注意：為了正確保存輸出文件，您可能需要根據storage_profiles/default.yamldocker-compose.yml

構建并運行 Docker 容器

使用 Docker Compose 構建并運行 Docker 容器：

docker-compose up --build

... 對于 GPU 支持，請運行：

docker-compose -f docker-compose.gpu.yml -p text-extract-api-gpu up --build

注意：在 Mac 上時 - Docker 不支持 Apple GPU。在這種情況下，您可能希望在沒有 Docker Compose 的情況下以本機方式運行應用程序，請查看如何使用 GPU 支持以本機方式運行它

這將啟動以下服務：

FastAPI App：運行 FastAPI 應用程序。
Celery Worker：處理異步 OCR 任務。
Redis：緩存 OCR 結果。
Ollama：運行 Ollama 模型。

云 - 付費版

如果本地太麻煩，請向我們詢問 text-extract-api 的托管/云版本，我們可以為您設置，只需按使用量付費。

CLI 工具

注意：在 Mac 上時，您可能需要先創建虛擬 Python 環境：

python3 -m venv .venvsource .venv/bin/activate# now you've got access to `python` and `pip` within your virutal env.pip install -e . # install main project requirements

該項目包括一個用于與 API 交互的 CLI。要使其正常工作，請先運行：

cd client
pip install -e .

拉取 LLama3.1 和 LLama3.2-vision 模型

您可能希望測試 LLama 支持的不同模型

python client/cli.py llm_pull --model llama3.1
python client/cli.py llm_pull --model llama3.2-vision

這些模型是支持的大多數功能所必需的。text-extract-api

上傳 OCR 文件（轉換為 Markdown）

python client/cli.py ocr_upload --file examples/example-mri.pdf --ocr_cache

或者

python client/cli.py ocr_request --file examples/example-mri.pdf --ocr_cache

不同之處在于，第一次調用使用 - multipart form data upload，第二次調用是通過 base64 編碼的 JSON 屬性發送文件的請求 - 可能更適合較小的文件。ocr/uploadocr/request

上傳用于 OCR 的文件（由 LLM 處理）

重要提示：要使用 LLM，您必須首先運行 llm_pull 以獲取請求所需的特定模型。

例如，您必須運行：

python client/cli.py llm_pull --model llama3.1
python client/cli.py llm_pull --model llama3.2-vision

并且僅在運行此特定提示查詢之后：

python client/cli.py ocr_upload --file examples/example-mri.pdf --ocr_cache --prompt_file=examples/example-mri-remove-pii.txt --language en

注意： language 參數用于 OCR 策略，以加載所選語言的模型權重。您可以將多種語言指定為列表：等。

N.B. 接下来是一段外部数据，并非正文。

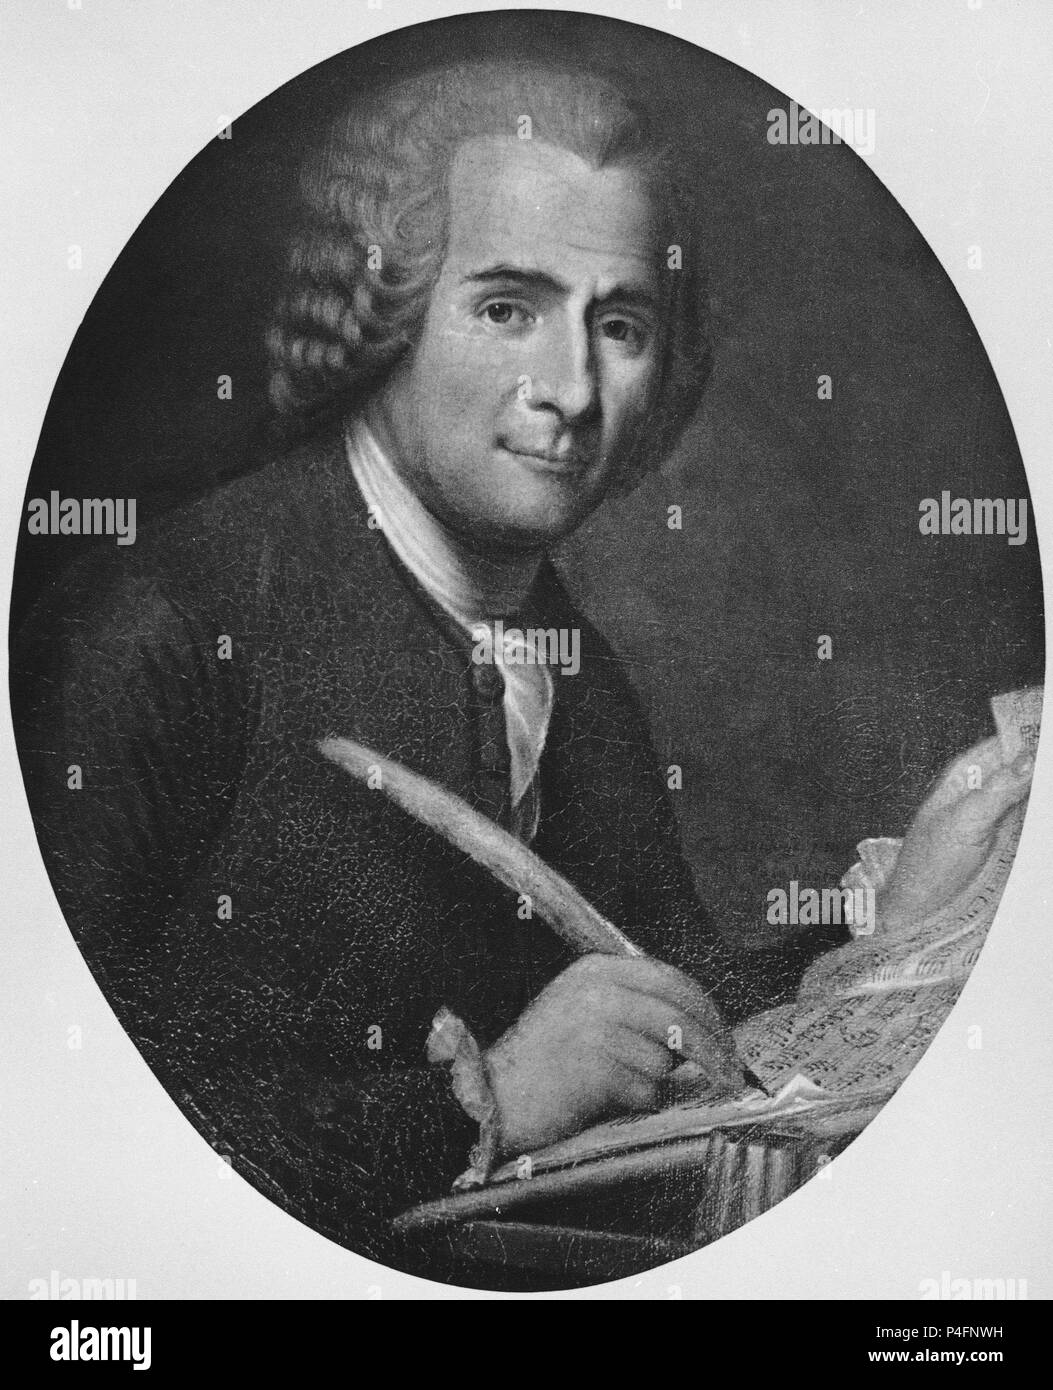 RETRATO DE JEAN - JACQUES ROUSSEAU (1712-1778) - FILOSOFO SUIZO. Ort: INSTITUTO DE COOPERACION IBEROAMERICANA, MADRID, SPANIEN. Stockfoto

en,de,pl

該命令可以使用：ocrstorage_profiles

storage_profile：用于保存結果 - 默認使用配置文件（）;如果未保存空文件default./storage_profiles/default.yaml
storage_filename：輸出文件名 - 存儲配置文件中集合的相對路徑 - 默認情況下是文件夾的相對路徑;可以使用占位符進行動態格式化：，，， - 用于日期格式，，， - 用于時間格式root_path/storage{file_name}{file_extension}{Y}{mm}{dd}{HH}{MM}{SS}

上傳文件進行 OCR（由 LLM 處理），將結果存儲在磁盤上

python client/cli.py ocr_upload --file examples/example-mri.pdf --ocr_cache --prompt_file=examples/example-mri-remove-pii.txt  --storage_filename "invoices/{Y}/{file_name}-{Y}-{mm}-{dd}.md"

按任務 ID 獲取 OCR 結果

python client/cli.py result --task_id {your_task_id_from_upload_step}

列出存檔的文件結果`storage_profile`

python client/cli.py list_files

要使用特定（在本例中）存儲配置文件，請運行：google drive

python client/cli.py list_files  --storage_profile gdrive

加載存檔的文件結果`storage_profile`

python client/cli.py load_file --file_name "invoices/2024/example-invoice-2024-10-31-16-33.md"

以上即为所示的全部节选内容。